The "property" decorator makes that easy. Something like:
class Atom(object):
def __init__(self, handle):
self.handle = handle
def _get_charge(self):
return dt_getcharge(self.handle)
def _set_charge(self, charge):
dt_setcharge(self.handle, charge)
charge = property(_get_charge, _set_charge)
10 years ago, when I wrote this package, I had to use __getattr__ and __setattr__ which made it possible, but the implementation was a lot more error prone.
class Atom:
def __init__(self, handle):
self.handle = handle
def __getattr__(self, name):
if name == "charge":
return dt_getcharge(self.handle)
raise AttributeError(name)
def __setattr__(self, name, value):
if name == "charge":
dt_setcharge(self.handle, value)
else:
self.__dict__[name] = value
getters and setters are needed for many purposes, and are very useful because they are transparent to the code. Having object Something the property height, you assign a value as Something.height = 10, but if height has a getter and setter then at the time you do assign that value you can do many things in the procedures, like validating a min or max value, like triggering an event because the height changed, automatically setting other values in function of the new height value, all that may occur at the moment Something.height value was assigned. Remember, you don't need to call them in your code, they are auto executed at the moment you read or write the property value. In some way they are like event procedures, when the property X changes value and when the property X value is read.
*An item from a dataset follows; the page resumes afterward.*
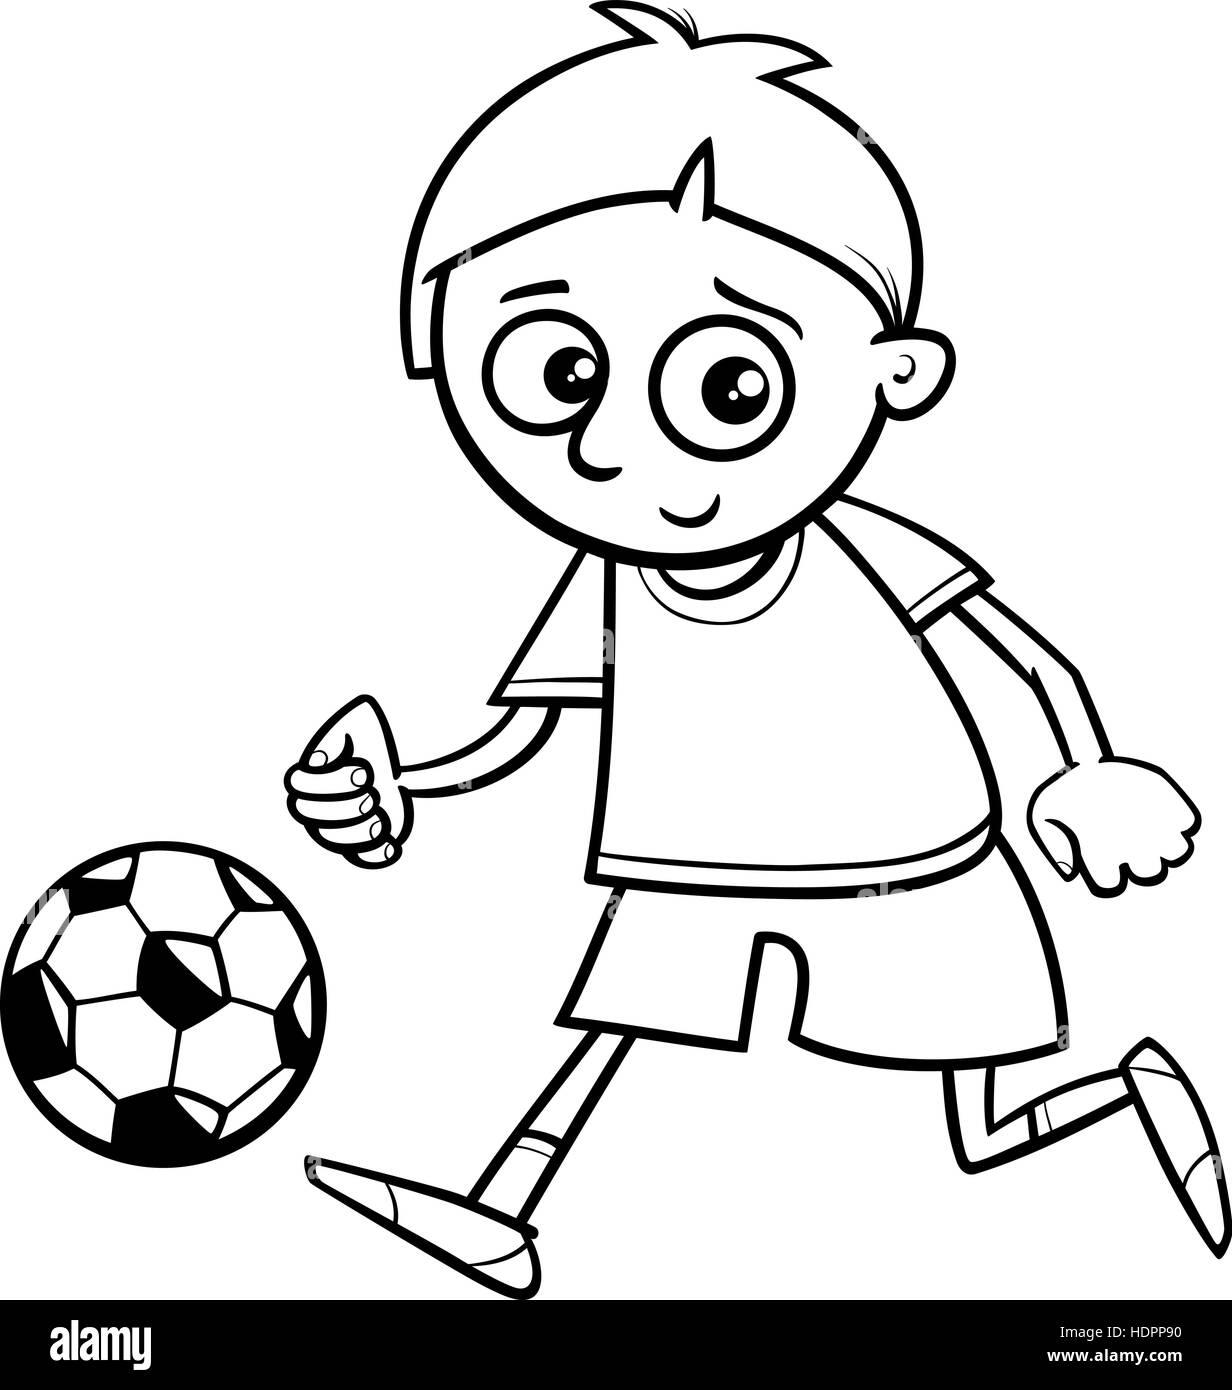 Schwarz / Weiß Cartoon Illustration der jungen spielen Fußball- oder ...

It is useful when you try to replace inheritance with delegation in refactoring. The following is a toy example. Stack was a subclass in Vector.
class Vector:
def __init__(self, data):
self.data = data
#staticmethod
def get_model_with_dict():
return Vector([0, 1])
class Stack:
def __init__(self):
self.model = Vector.get_model_with_dict()
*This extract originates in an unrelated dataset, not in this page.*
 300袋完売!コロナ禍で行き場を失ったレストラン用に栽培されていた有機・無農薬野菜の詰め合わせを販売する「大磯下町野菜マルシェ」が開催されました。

self.data = self.model.data
class NewStack:
def __init__(self):
self.model = Vector.get_model_with_dict()
#property
def data(self):
return self.model.data
#data.setter
def data(self, value):
self.model.data = value
if __name__ == '__main__':
c = Stack()
print(f'init: {c.data}') #init: [0, 1]
c.data = [0, 1, 2, 3]
print(f'data in model: {c.model.data} vs data in controller: {c.data}')
#data in model: [0, 1] vs data in controller: [0, 1, 2, 3]
c_n = NewStack()
c_n.data = [0, 1, 2, 3]
print(f'data in model: {c_n.model.data} vs data in controller: {c_n.data}')
#data in model: [0, 1, 2, 3] vs data in controller: [0, 1, 2, 3]
Note if you do use directly access instead of property, the self.model.data does not equal self.data, which is out of our expectation.
You can take codes before __name__=='__main__' as a library.